I have a data.table (A) that is over 100,000 rows long. There are 3 columns.
chrom start end
1: chr1 6484847 6484896
2: chr1 6484896 6484945
3: chr1 6484945 6484994
4: chr1 6484994 6485043
5: chr1 6485043 6485092
---
183569: chrX 106893605 106893654
183570: chrX 106893654 106893703
183571: chrX 106893703 106893752
183572: chrX 106893752 106893801
183573: chrX 106893801 106894256
I'd like to generate a new column named "gene" that provides a label for each row based annotations from another data.table which has ~90 rows (B). Seen below:
chrom start end gene
1: chr1 6484847 6521004 ESPN
2: chr1 41249683 41306124 KCNQ4
3: chr1 55464616 55474465 BSND
42: chrX 82763268 82764775 POU3F4
43: chrX 100600643 100603957 TIMM8A
44: chrX 106871653 106894256 PRPS1
If the row start value in data.table A is within the row start and end values of data.table B I need the row in A to be labeled with the correct gene accordingly.

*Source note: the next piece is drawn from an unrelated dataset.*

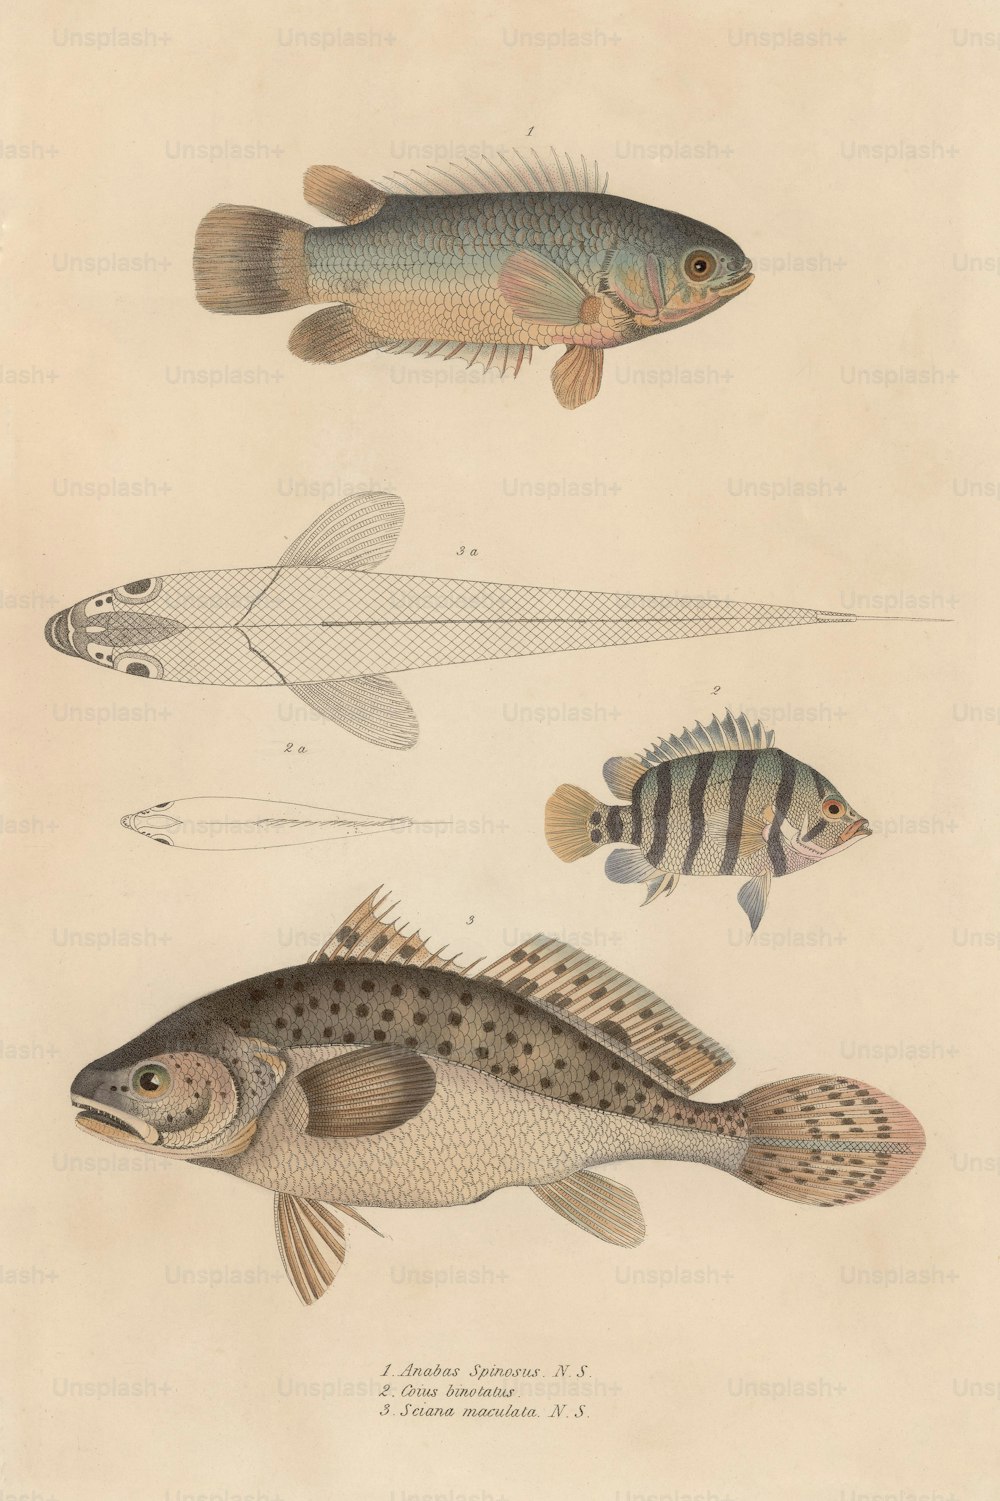 Vários peixes, incluindo anabas spinosus, coius binotatus e sciana maculata, por volta de 1850. (Foto: Hulton Archive/Getty Images)

For example the resulting complete data.table A would be
chrom start end gene
1: chr1 6484847 6484896 ESPN
2: chr1 6484896 6484945 ESPN
3: chr1 6484945 6484994 ESPN
4: chr1 6484994 6485043 ESPN
5: chr1 6485043 6485092 ESPN
---
183569: chrX 106893605 106893654 TIMM8A
183570: chrX 106893654 106893703 TIMM8A
183571: chrX 106893703 106893752 TIMM8A
183572: chrX 106893752 106893801 TIMM8A
183573: chrX 106893801 106894256 TIMM8A
I've attempted some nested loops to do this but that seems like it would take WAY too long. I think there must be a way to do this with the data.table package but I can't seem to figure it out.
Any and all suggestions would be greatly appreciated.